Convolution: from first principles to modern deep learning - Part 1

when people first meet convolutions, it often feels like a strange formula:

y[n] = \sum_{k} x[k] \cdot h[n - k]

Then later, in deep learning (explained in part 2), they see Conv1d implemented more like:

y[n] = \sum_{r=0}^{K-1} w[r] \cdot x[n + r]

and hear that this is actually cross-correlation, not strict convolution.

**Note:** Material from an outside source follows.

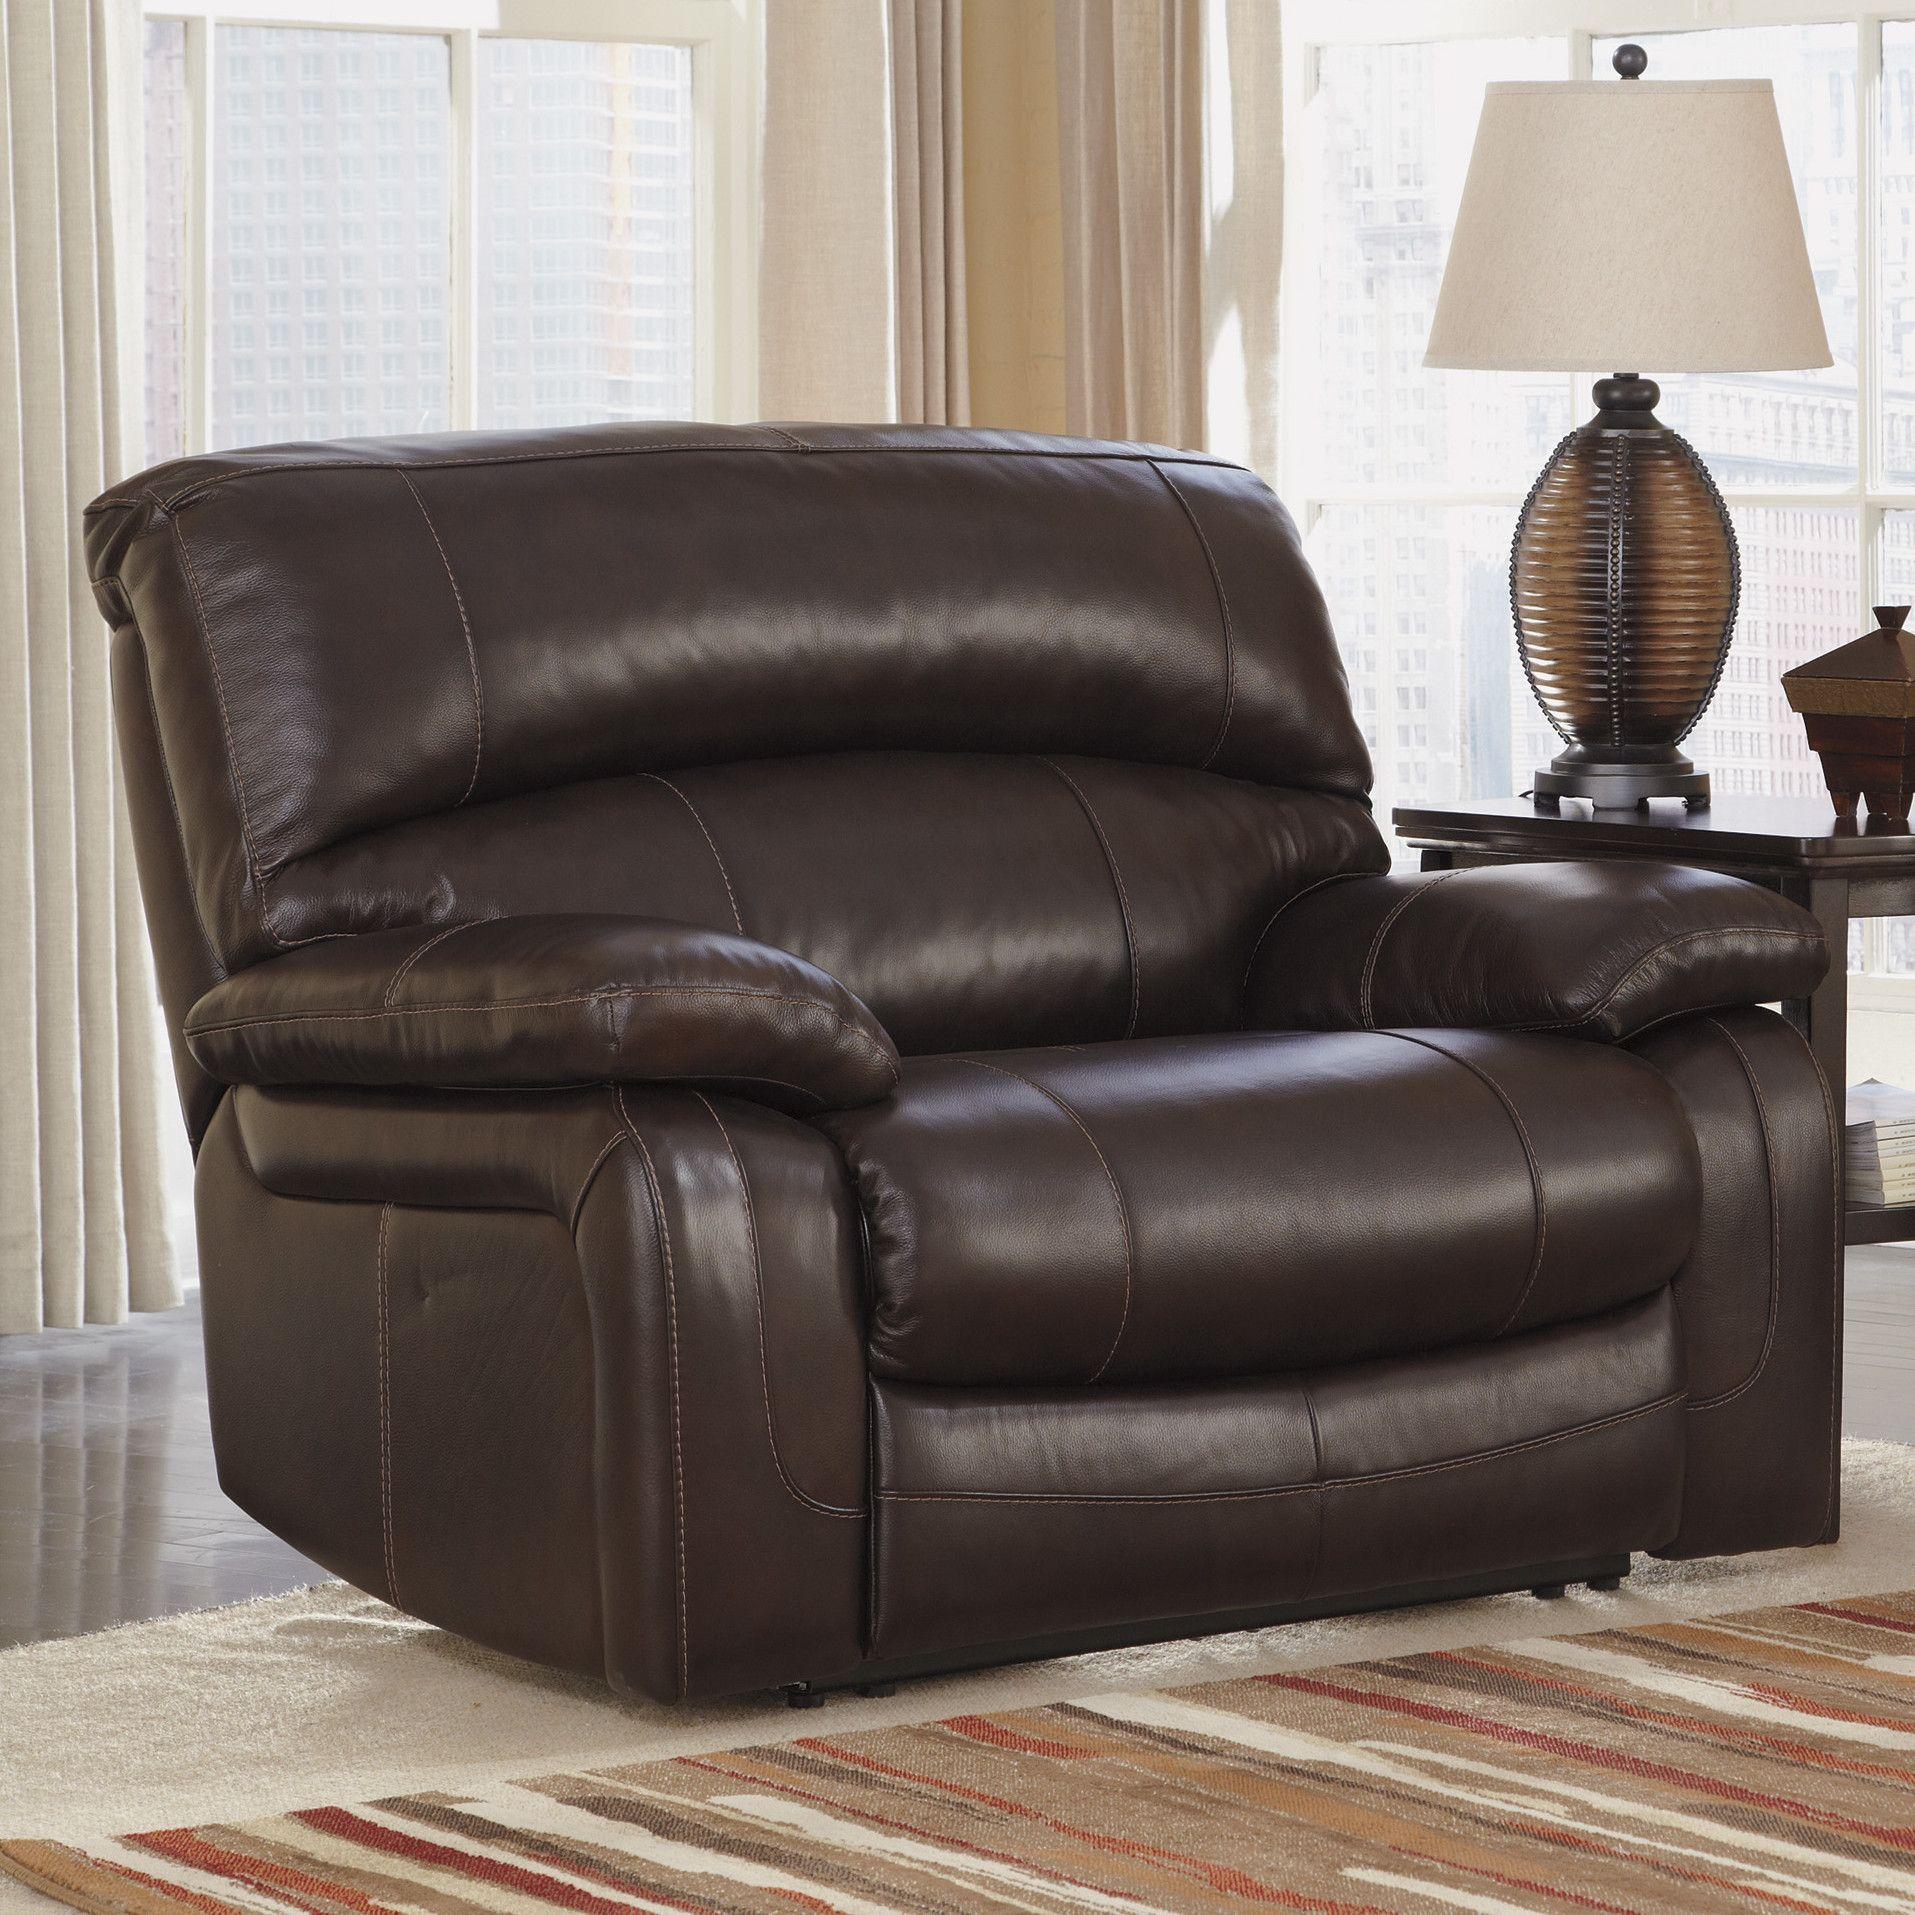 Tremendous I Like The Size But Want Better Quality Dormont Zero Wall Spiritservingveterans Wood Chair Design Ideas Spiritservingveteransorg

So what is really going on?

This post builds the idea carefully from the ground up.

We will go through:

What a signal is
What a 1D discrete signal is
What a system is
Linearity
Time invariance
The unit impulse
Signals as a sum of scaled shifted impulses
The impulse response
Convolution (sum of scaled impulse responses)
The flip — where it comes from
Real world example (Audio reverb)

A signal

A signal is any function that conveys information about the behavior of a certain phenomenon. In signal processing, this is mathematically represented as a variation of a quantity with respect to time, space, or another independent variable. It can be mathematically represented as $x(t)$ where $t$ , represent the independent variable (usually time), the value of the function at any time represent the amplitude or intensity of the signal at that time.

Signals, can be represented as continuous or discrete, for $x(t)$ this is a continuous signal whereby time is continuous and there’s a value at every position of the time.

The discrete signal is represented by sampling the continuous signal at a given interval of $nT$ where $T$ is a fixed sampling period, and $n \in \mathbb{Z}$ This defines the discrete signal as a mapping $x: \mathbb{Z} \to \mathbb{R}$ thereby, we can represent the function as $x[n]=x(nT)$ .

You can think of a signal as carriers of information. Anything that changes over time or space to tell us something about the world, is a signal. a simpler example is an acoustic signal, whereby the signal can be the variation of pressure caused by the vocal cords or an instruments. when you record a speech, a microphone converts these pressure waves into an analog voltage (a continuous-time signal, $x(t)$ ), which is then sampled by an ADC (Analog-to-Digital Converter) into a digital sequence (a discrete-time signal, $x[n]$ ). In this blog, we will mostly work with discrete signal.

A concrete example of a discrete signal can be given as this

$x[0]=2,x[1]=5,x[2]=1,x[3]=0$

We can write this as the sequence:

$x=[2,5,1,0]$ and can be represented visually on the graph below

hover to inspect

x[n] = [2, 5, 1, 0]support: n = 0 … 3length: 4

We can see from the graph that while we only list the values of interest, the signal is technically defined for all $n \in \mathbb{Z}$ . For any index not shown in our sequence (like $n = -1$ or $n = 4$ ), we can assume the amplitude is zero. Mathematically, we say this signal has finite support (i.e outside these four values, the signal is zero everywhere).

Shifting a Discrete Signal

if we have a signal $x[n]$ , we can perform shift operator $S_m$ on the signal, which is defined as $(S_mx)[n] = x[n-m] = y[n]$ , then $y$ is just the signal $x$ shifted by $m$ . if $m>0$ , then the signal is shifted to the right, otherwise, it’s shifted to the left.

Visual Representation

(S_m x)[n] = x[n − m]

Shift m = 0

No shift — both rows are identical

x[n]   —   original signal

apply S_m → replace n with (n − m)

x[n]   (m = 0, no shift)

(S_m x)[n] = x[n − m]m > 0 → right shiftm < 0 → left shiftm = 0

Why the sign feels backwards

When you see $x[n - m]$ with $m > 0$ , instinct says “subtracting means moving left.” But the opposite happens — the signal shifts right.

Here is why. The expression $x[n - m]$ asks: “give me the value that used to live at position $n - m$ .” At $n = 3$ with $m = 2$ , you are reading $x[1]$ — a value from earlier in the sequence. So the same value that lived at $n = 1$ is now being read at $n = 3$ . It moved two steps to the right.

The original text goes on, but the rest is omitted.